20. An electrical connector, comprising:

a circuit board, having multiple first conducting portions disposed thereon; and

a chip module, having multiple second conducting portions disposed thereon, wherein the second conducting portions correspond to the first conducting portions,

wherein the first conducting portions are disposed with solid gallium, the second conducting portions are tin balls, and the gallium and the tin balls are pressed to form gallium-tin alloy, such that the circuit board and the chip module are conducted through the gallium-tin alloy.

21. The electrical connector according to claim 20, further comprising an isolation portion disposed between the circuit board and the chip module.

22. The electrical connector according to claim 20, further comprising a protection layer disposed between the first conducting portion and the gallium, and the protection layer is a nickel layer.

23. The electrical connector according to claim 20, further comprising a first positioning portion disposed at the isolation portion and the circuit board, and a second positioning portion disposed at the isolation portion and the chip module.

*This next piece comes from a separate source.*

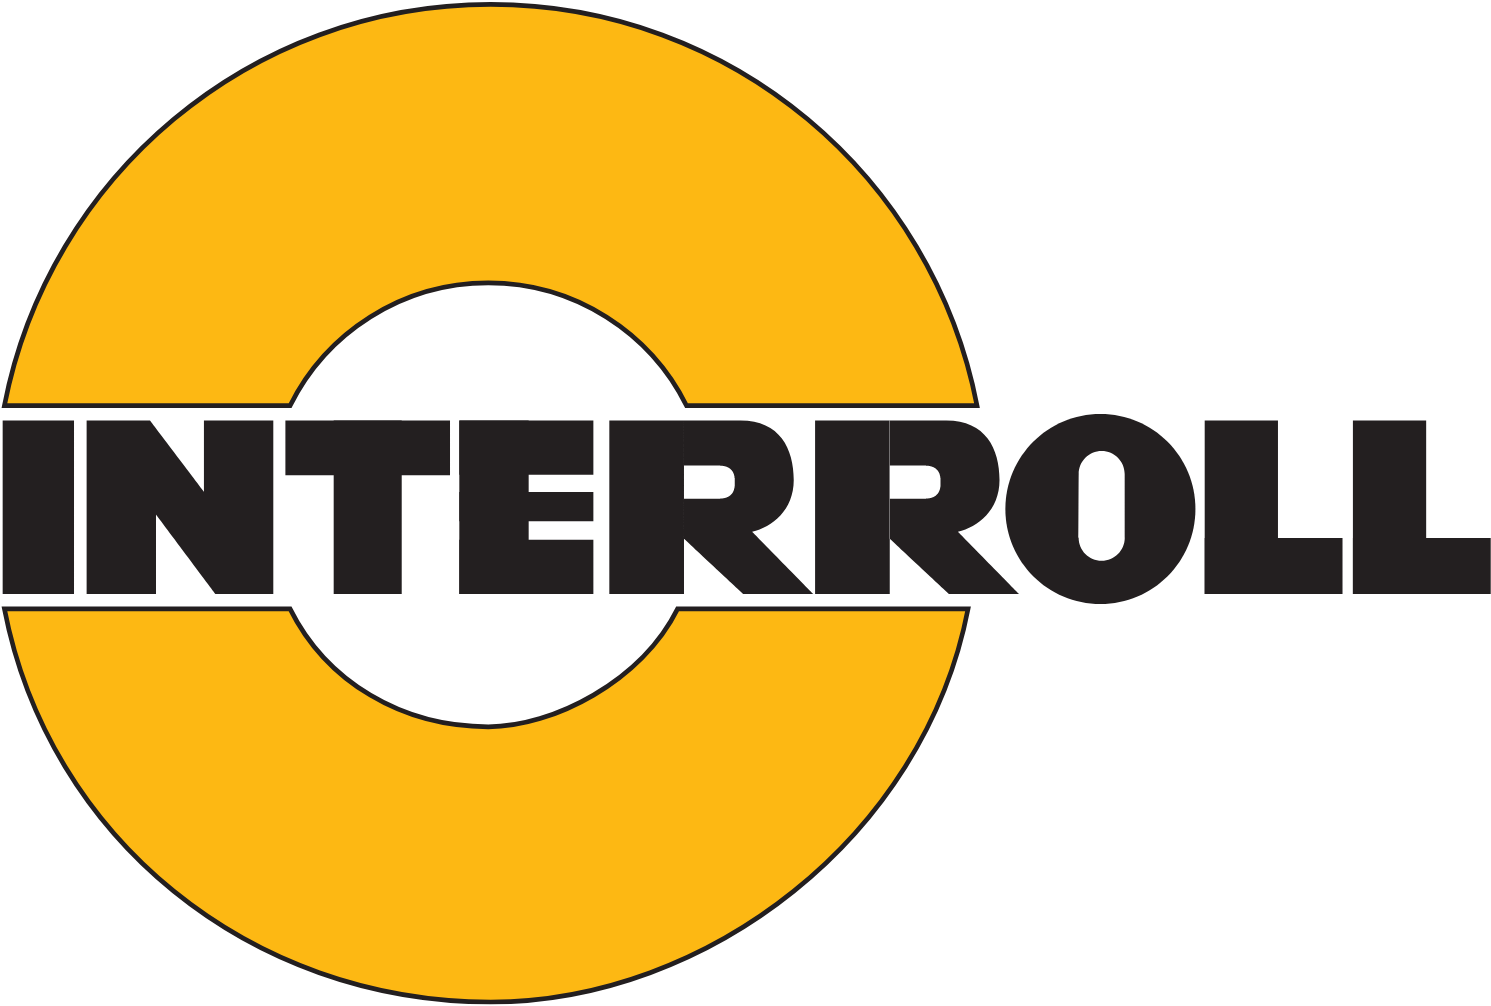 Interroll logo large (transparent PNG)

24. The electrical connector according to claim 20, wherein one of the first conducting portions press fits and contacts a corresponding second conducting portion of the second conducting portions to form a contact point, and the gallium-tin alloy is formed around the contact point.

25. An electrical connector, comprising:

a chip module having multiple pins; and

a circuit board having multiple contact pads corresponding to the multiple pins,

wherein liquid metal conductors are disposed between the pins and the contact pads, the liquid metal conductors are gallium or gallium alloy, an adhesive is disposed between the chip module and the circuit board, and the chip module and the circuit board are electrically conducted through the liquid metal conductors.

26. The electrical connector according to claim 25, wherein a height of the adhesive is greater than a height of the pins before press fitting the chip module.

27. The electrical connector according to claim 25, wherein the liquid metal conductors are disposed on the pins.

28. The electrical connector according to claim 25, wherein the adhesive is disposed on the chip module.

29. The electrical connector according to claim 25, wherein the adhesive is thermoplastic.

30. The electrical connector according to claim 25, wherein the adhesive is capable of being solidified by ultraviolet (UV) irradiation.